433. Горизонтальный план не разработан эволюцией, а откуда-то дан? Не правда ли, звучит несколько сомнительно? Заимствовали ли Гулд с Левонтином эту идею у континентальных мыслителей? Вовсе нет. Они поспешно допустили, что английские биологи были правы, «отвергнув эту сильную форму как почти призывающую к мистицизму»
434.
Но стоит нам отвергнуть мистическую версию бауплана – и что остается? Наш старинный приятель: заявление, что качественное обратное конструирование принимает в расчет процесс строительства. Как пишут об этом Гулд и Левонтин, с их точки зрения, «нельзя отрицать, что, когда изменение происходит, оно может возникнуть при посредстве естественного отбора, но следует оговориться, что ограничения так жестко определяют возможные пути и способы изменений, что сами ограничения становятся наиболее интересным аспектом эволюции»
435. Как мы видели, ограничения, несомненно, важны вне зависимости от того, являются ли они наиболее интересным аспектом эволюции. Может быть, адаптационистам (как и искусствоведам) нужно постоянно об этом напоминать. Когда Докинз – князь адаптационистов, если таковой у них имеется, – говорит: «Существуют некоторые формы, в которые определенные роды эмбрионов, по-видимому, неспособны развиться»
436, – он предлагает одну из формулировок этого тезиса об ограничении бауплана, и, по его словам, для него это было своеобразным откровением. Он был вынужден согласиться с этим, изучив собственные компьютерные модели эволюции, а не статью Гулда и Левонтина, но позволим им добавить: «Мы же говорили!»

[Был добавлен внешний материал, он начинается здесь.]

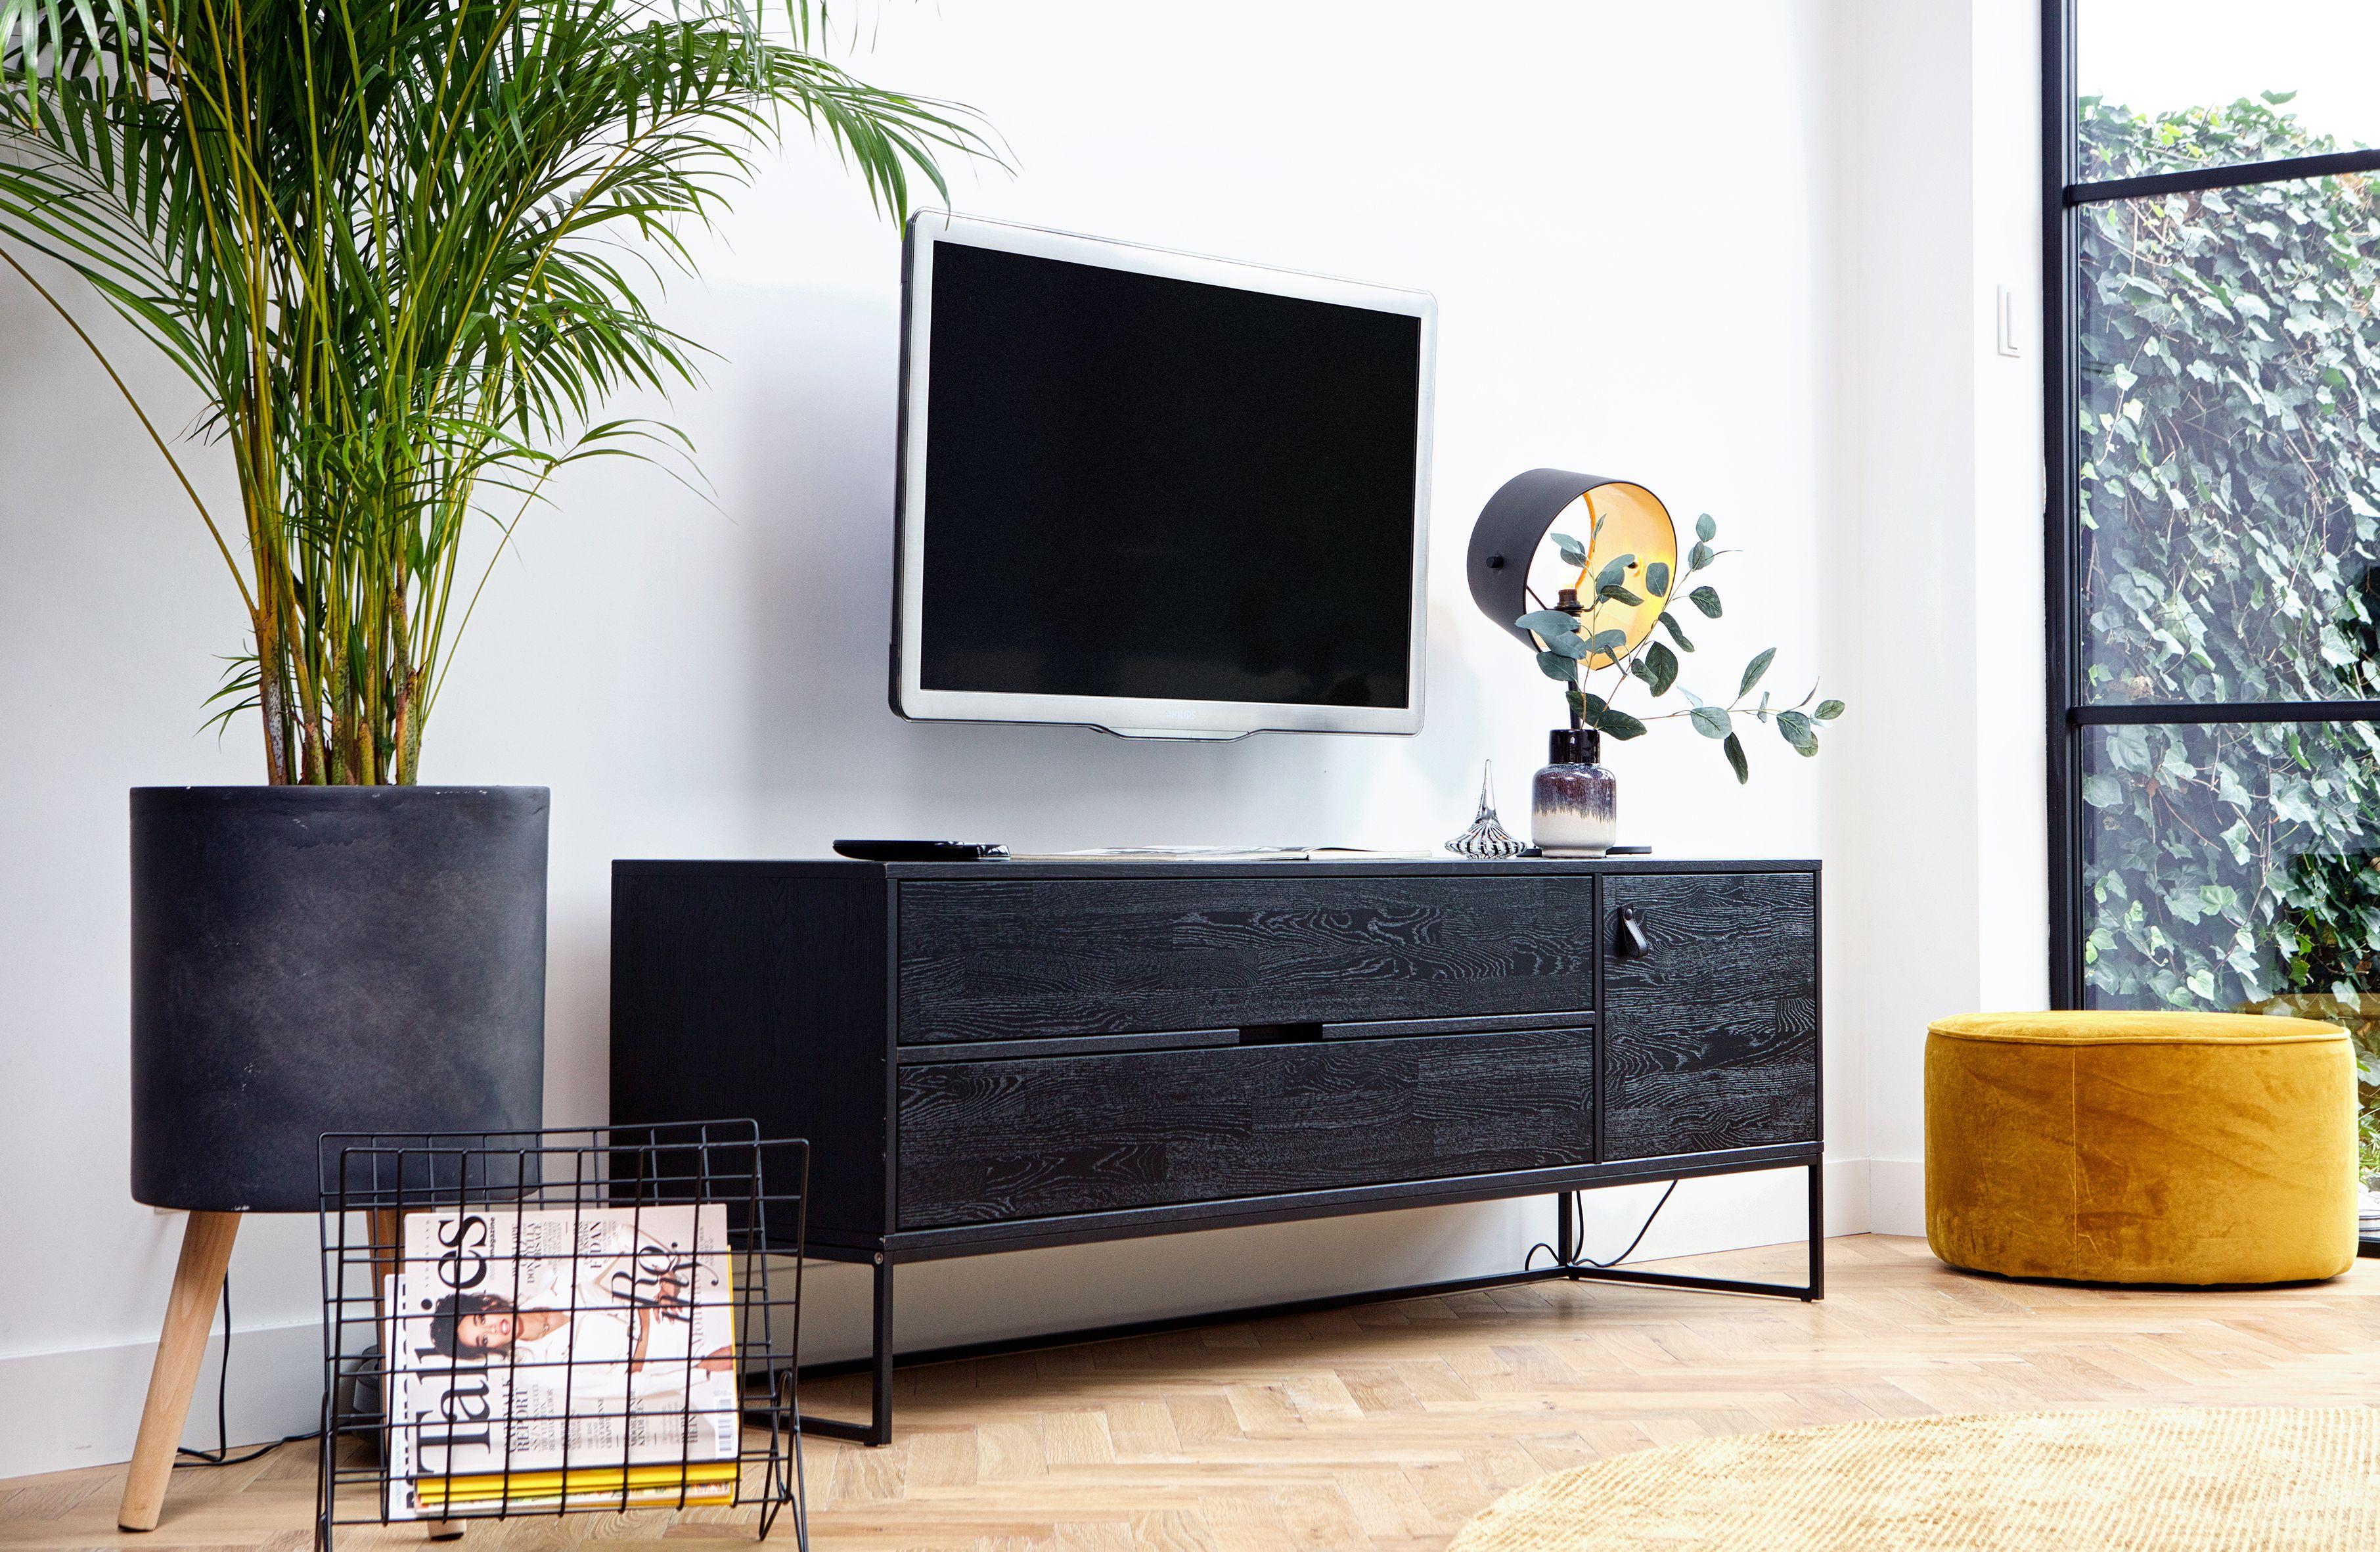 Modern Tv Meubel Zwart.Decoratief Tv Meubel Hout Zwart Op Metalen Onderstel 2 Laden

Гулд и Левонтин обсуждают также другие альтернативы адаптации, и с ними мы тоже уже сталкивались в рамках ортодоксального дарвинизма: случайное закрепление генов (роль исторической случайности и ее подкрепления), ограничения внутриутробного развития, определяемые способом экспрессии генов, и проблемы ориентации в адаптивном ландшафте с «многочисленными максимумами адаптации». Все эти явления существуют в реальности; как обычно, эволюционисты спорят не о факте их существования, а о степени их важности. Теории, их задействующие, и в самом деле сыграли важную роль в возрастающем усложнении неодарвинистской синтетической теории, но речь идет о реформировании и дополнениях, а не революциях.